(Beginning of Dataset entries)

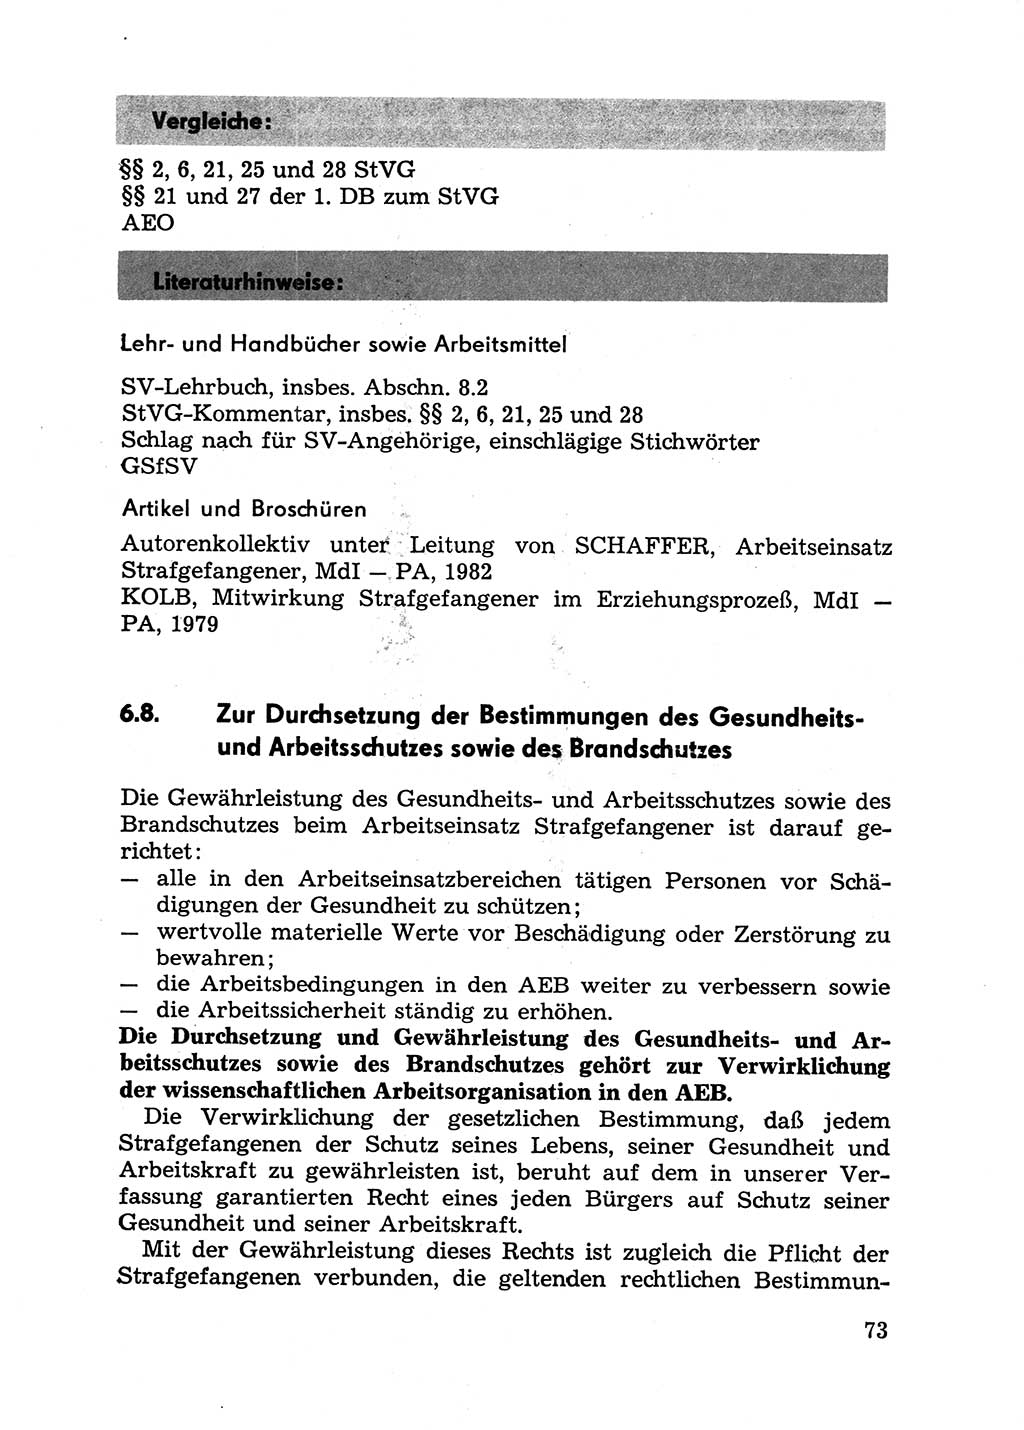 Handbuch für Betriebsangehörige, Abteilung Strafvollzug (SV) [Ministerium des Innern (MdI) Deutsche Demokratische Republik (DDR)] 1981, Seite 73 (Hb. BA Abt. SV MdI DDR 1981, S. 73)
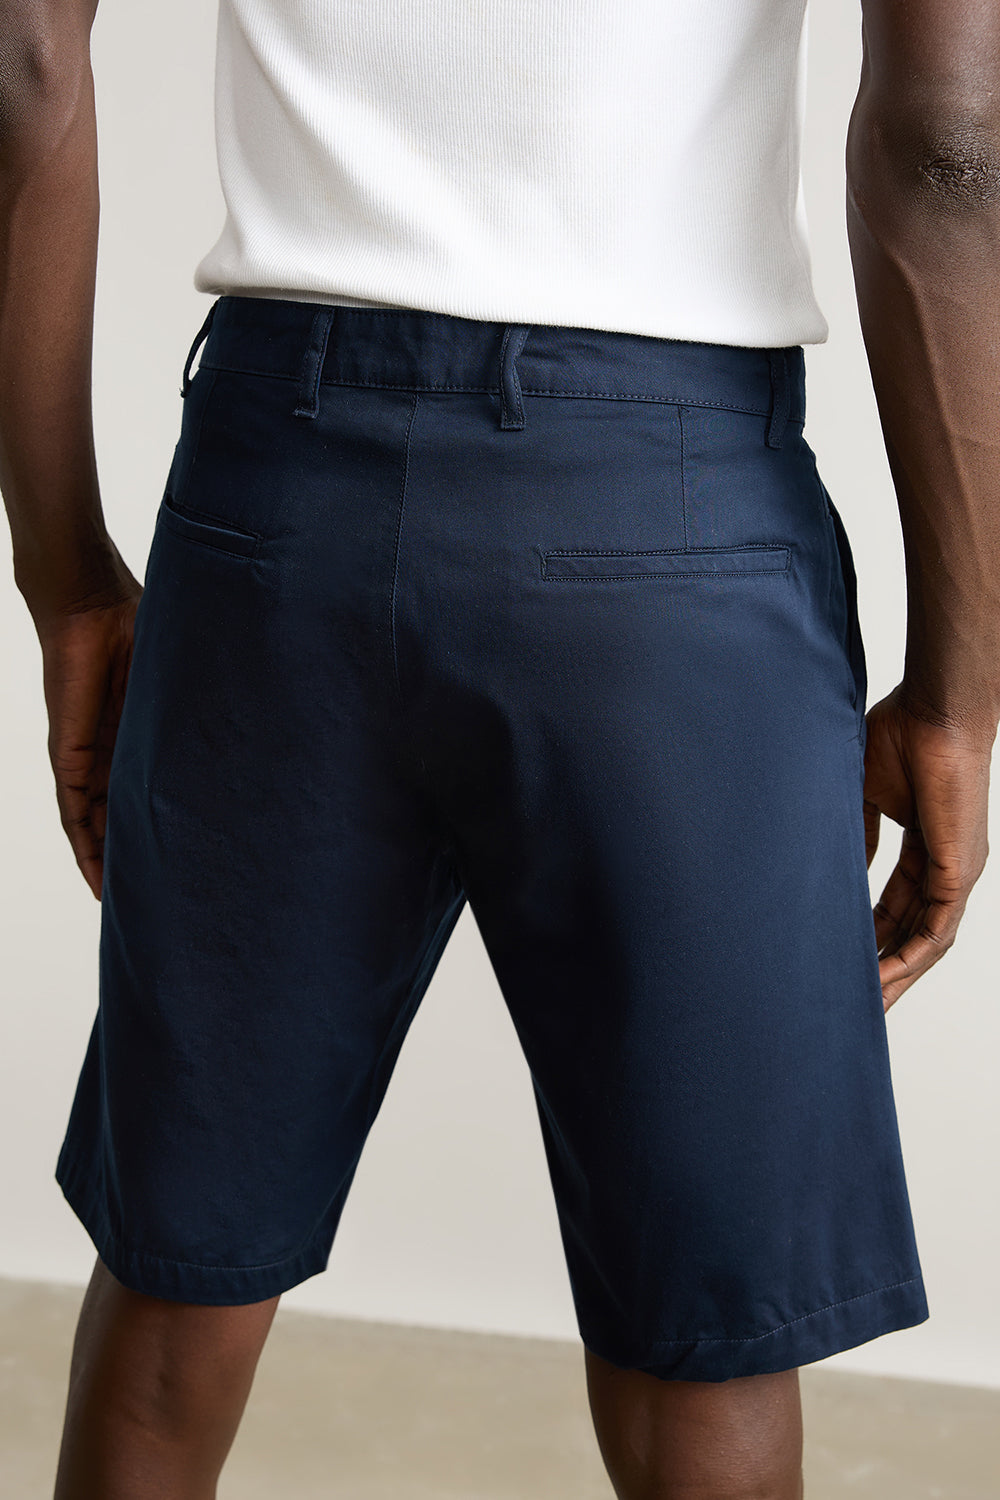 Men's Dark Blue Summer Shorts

(End of Dataset entries)
(Beginning of Dataset entries)

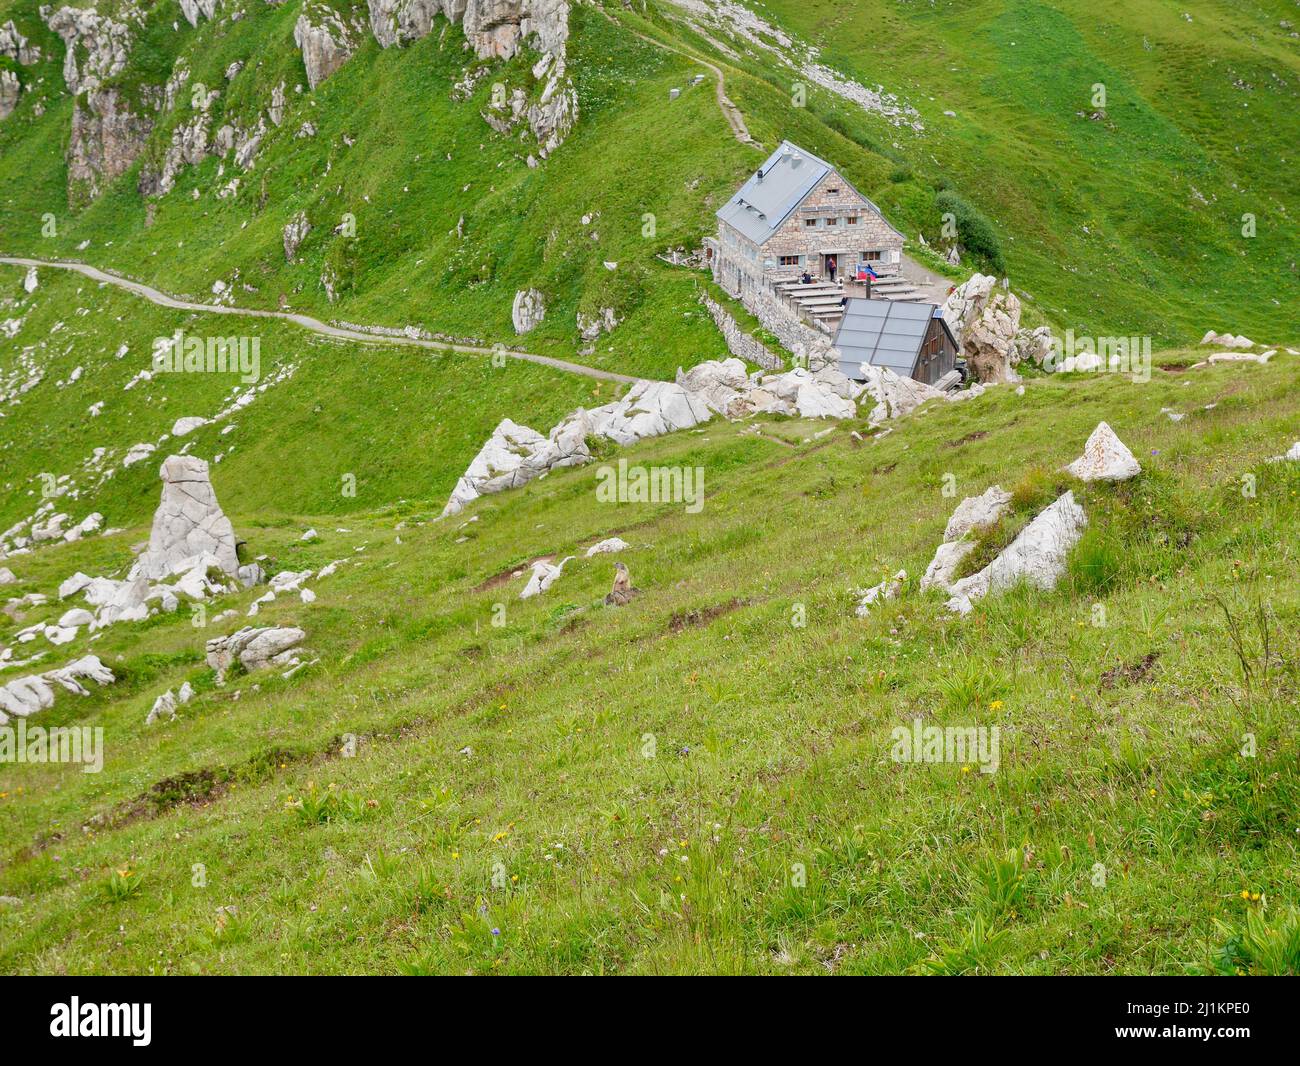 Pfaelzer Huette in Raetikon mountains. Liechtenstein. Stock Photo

(End of Dataset entries)

What needs to be done
From the records above, output only the lines starting at the one containing "Handbuch für Betriebsangehörige, Abteilung" and ending at the one containing "Men's Dark Blue Summer Shorts", word for word. Pictures stay out.

Result below
 Handbuch für Betriebsangehörige, Abteilung Strafvollzug (SV) [Ministerium des Innern (MdI) Deutsche Demokratische Republik (DDR)] 1981, Seite 73 (Hb. BA Abt. SV MdI DDR 1981, S. 73)
 Men's Dark Blue Summer Shorts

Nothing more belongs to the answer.